The company said Banc One Capital Markets Inc. and The First National Bank of Chicago both have expressed interest in funding the senior bank facility. TSR also said several investment banking firms have stated a willingness to participate in the various notes offerings.

Arch, for its part, proposes to pay MobileMedia secured creditors $262 million in cash borrowed from its bank facility and another $217 million from proceeds of a stock-rights offer to MobileMedia unsecured creditors

The Arch deal offers all involved a greater stake in the new company the acquisition would create. However, there is more risk involved. Those creditors with faith in the new company’s growth likely will choose this option, betting the combined company eventually will be worth more than $2 a share and, as such, would allow them to recoup their stock price and their debt.

The TSR deal offers less up-front risk but no long-term potential.
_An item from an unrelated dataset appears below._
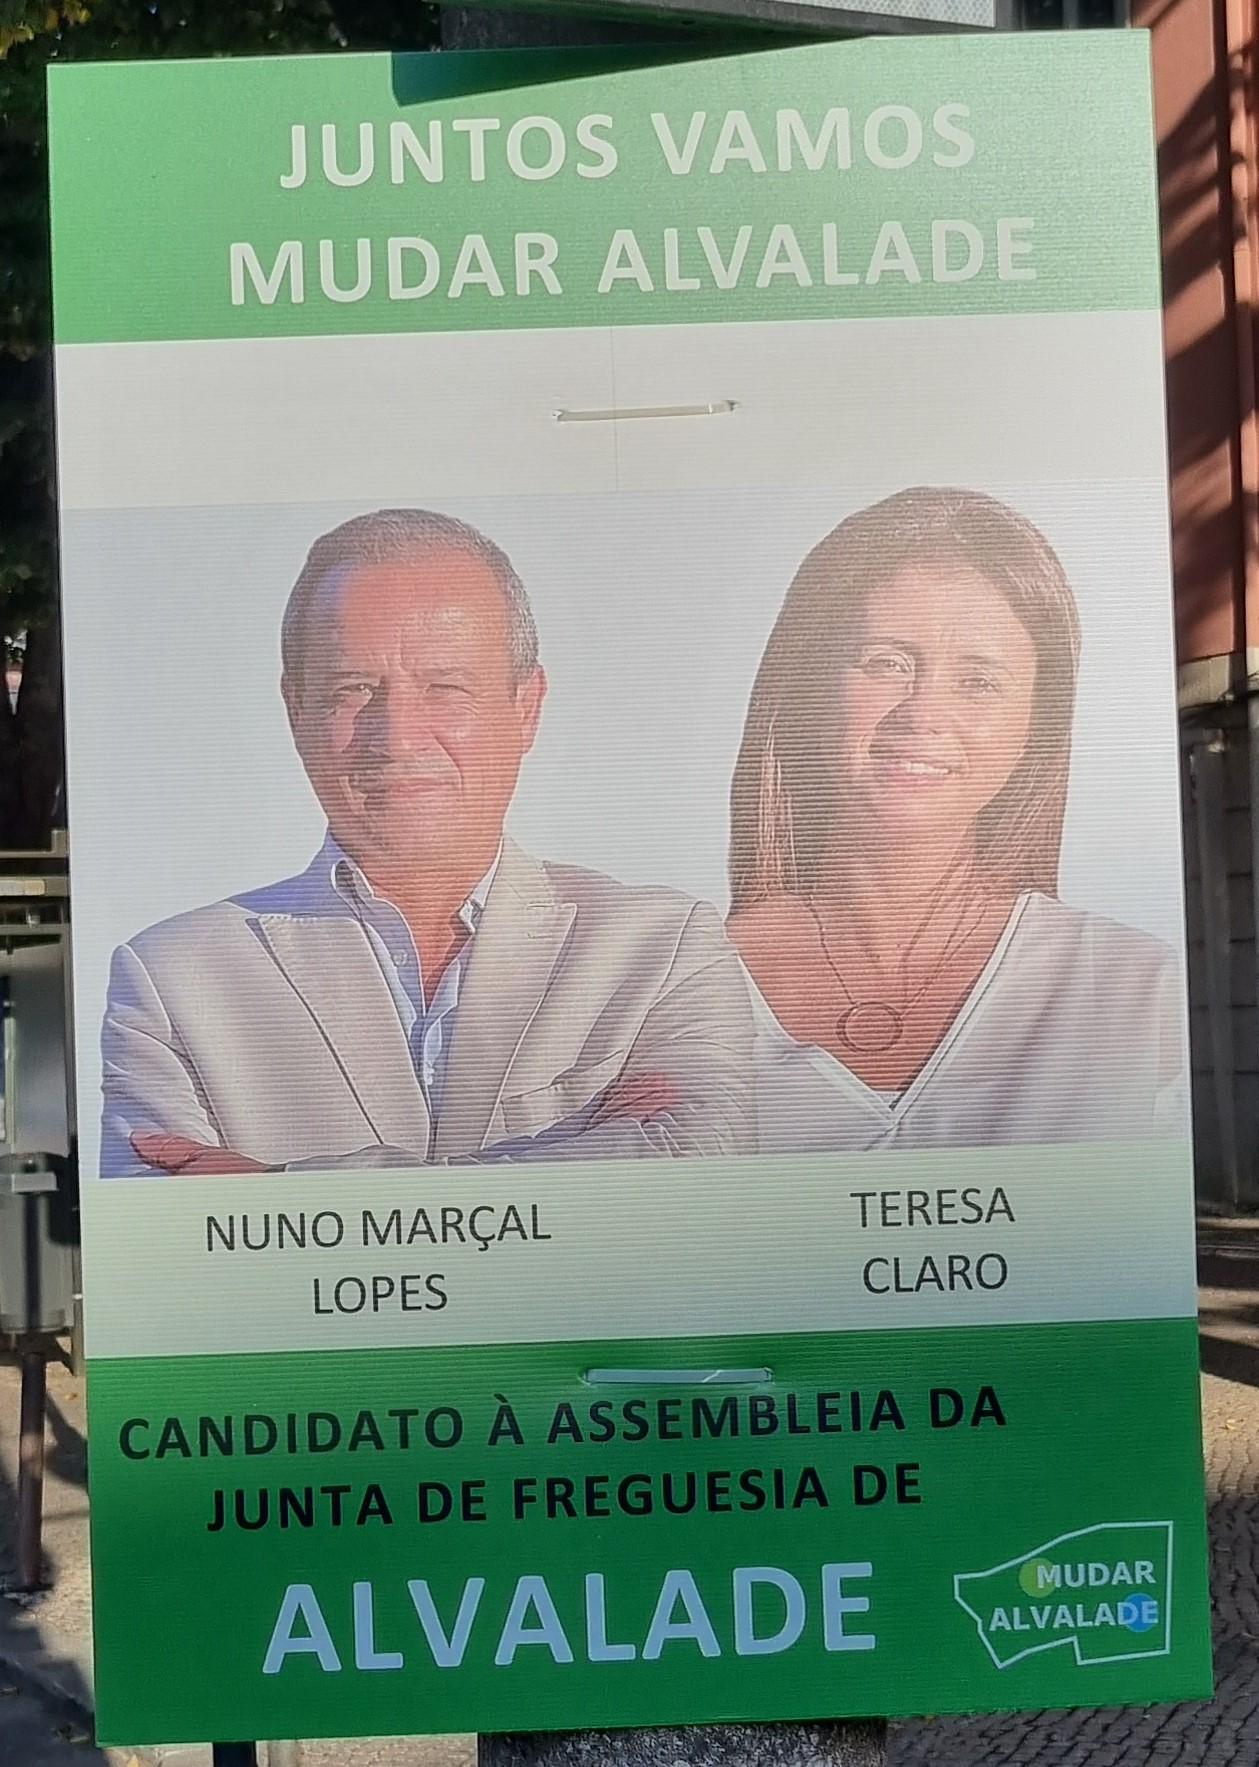 indi_Mudar Alvalade_2021_Lisboa_Alvalade_02
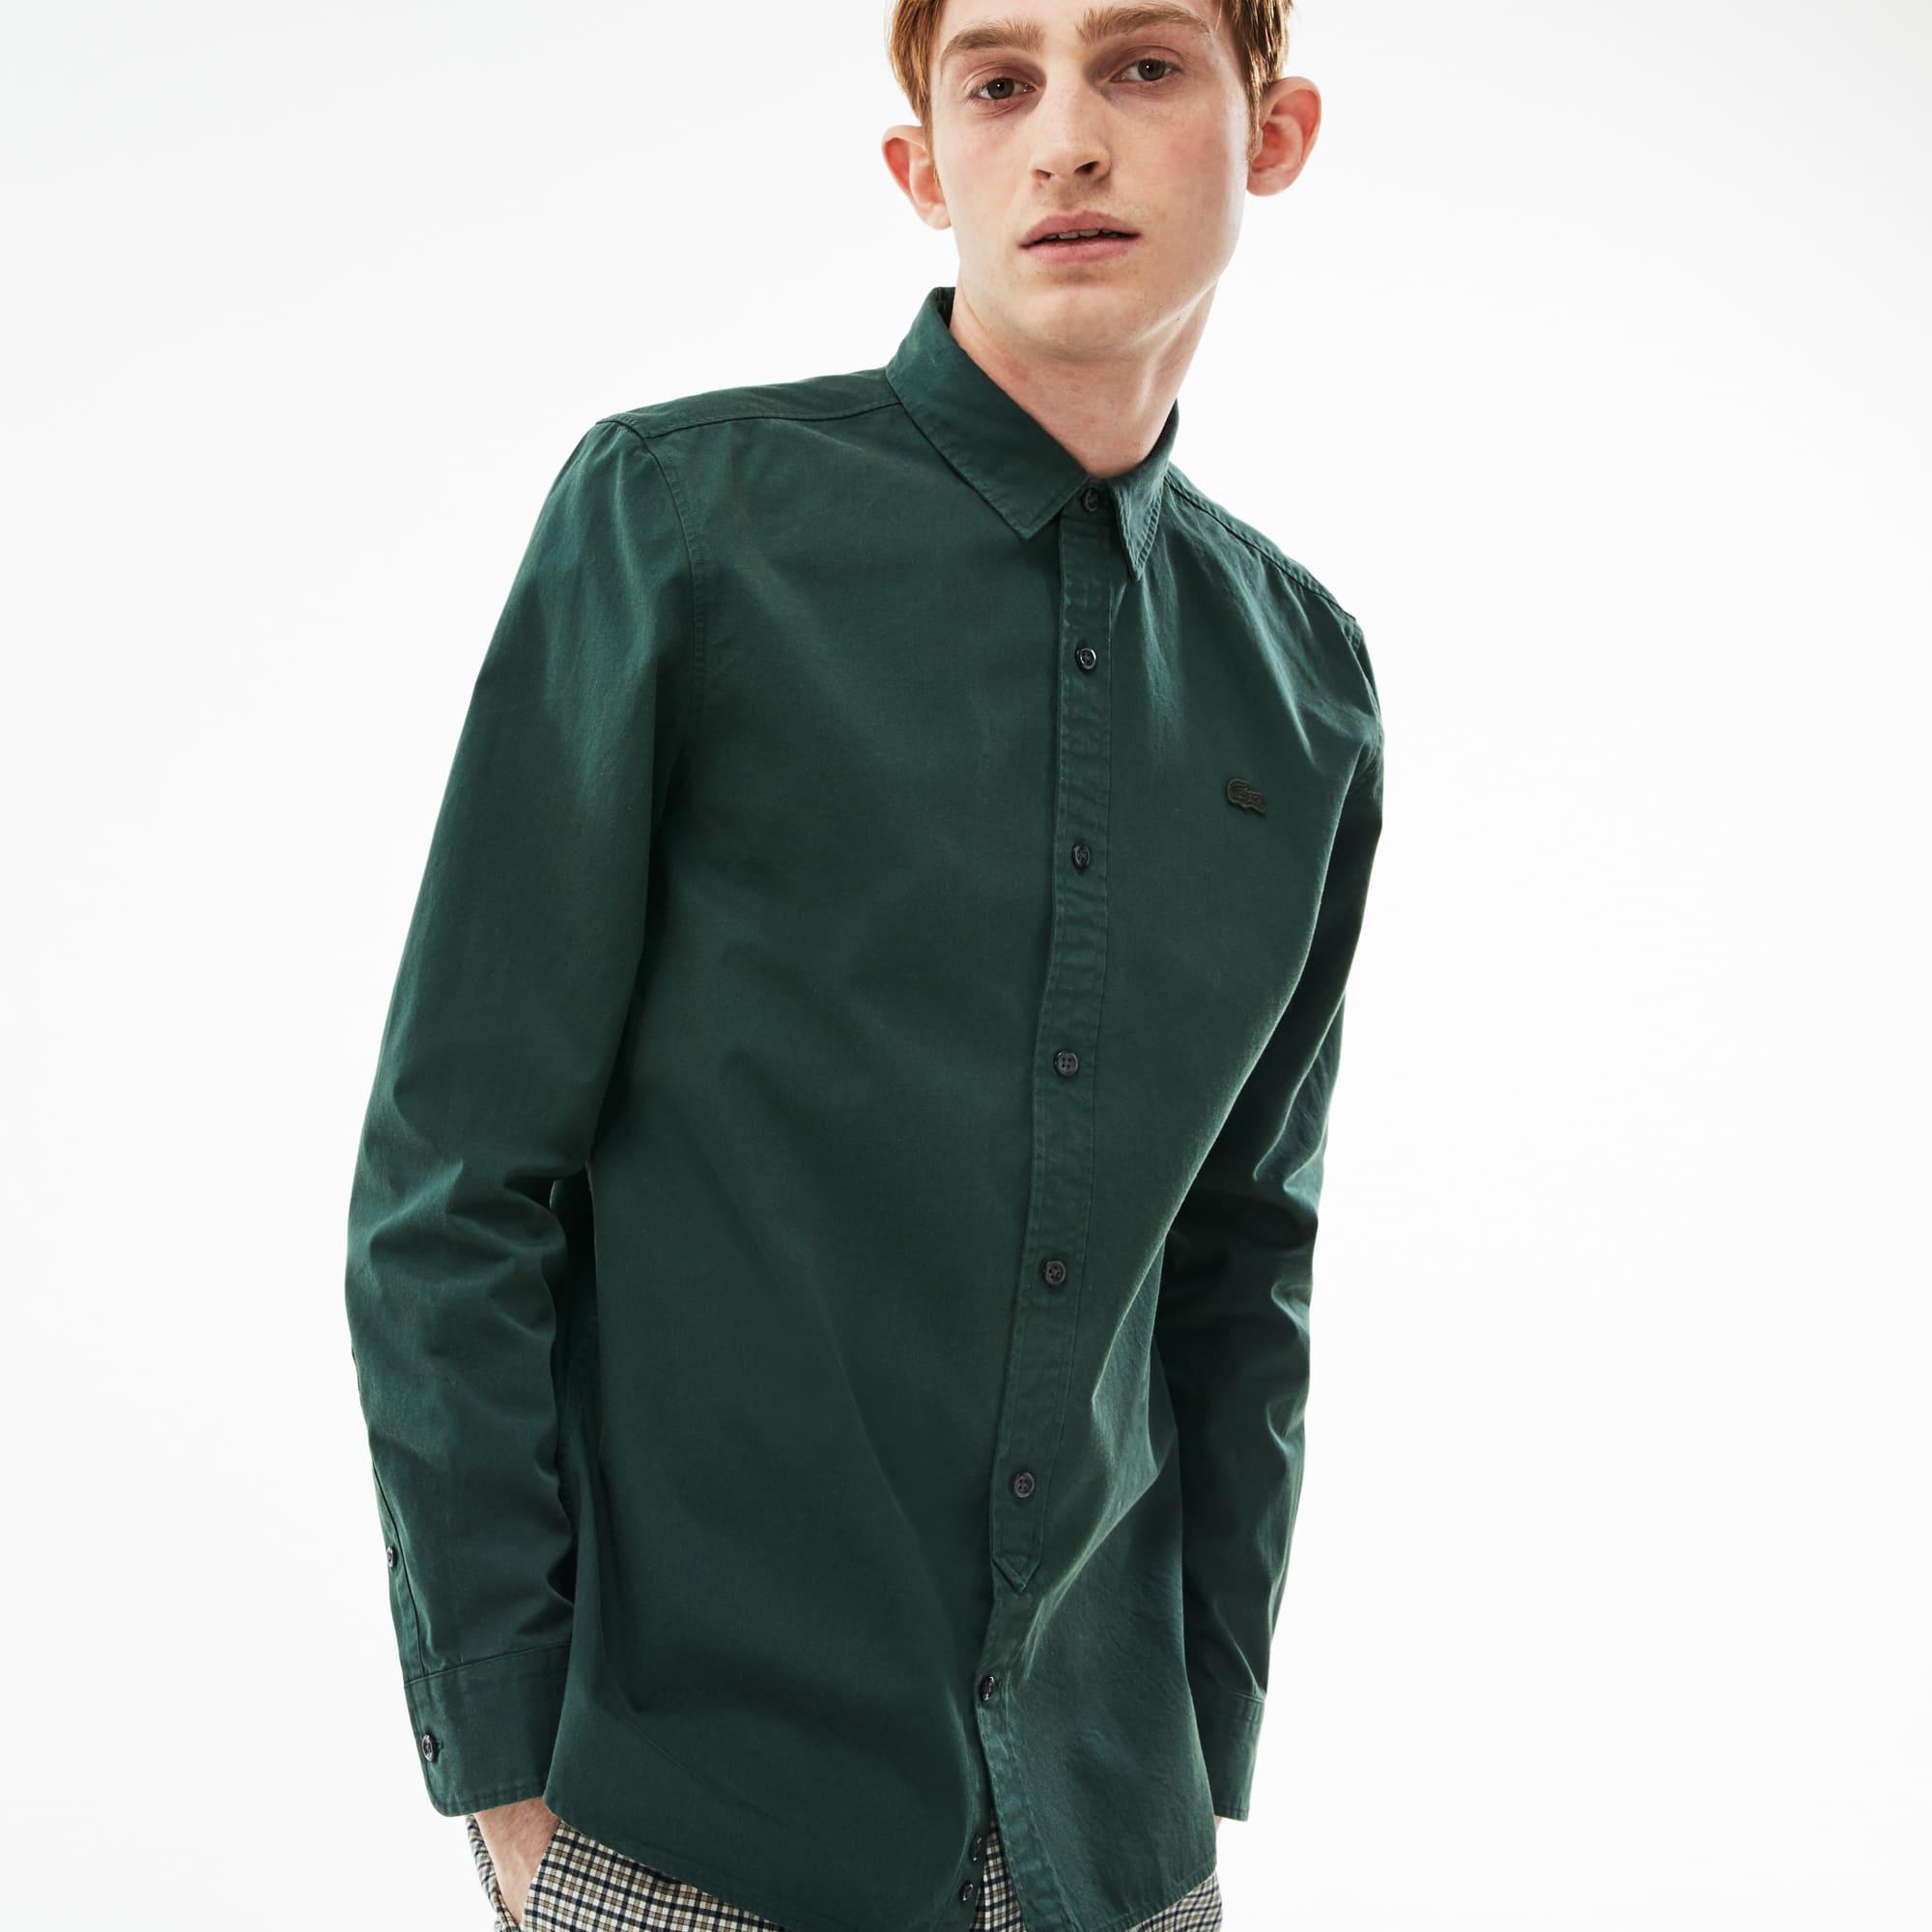 Camisa Lacoste LIVE skinny fit en popelín de algodón. + 2 colores b17afde8b7

Secured creditors get paid off in cash, and unsecured creditors are only asked to subscribe to another $65 million, rather than $217 million in the Arch plan. Those creditors who wish to recoup their losses and move likely will opt for this plan.

Should the TSR plan prevail, MobileMedia would remain in bankruptcy protection for several more months as TSR seeks the approval of all appropriate regulatory agencies. Also, TSR would be responsible for the $25 million breakup fee required by Arch, as dictated in the definitive merger agreement between it and MobileMedia.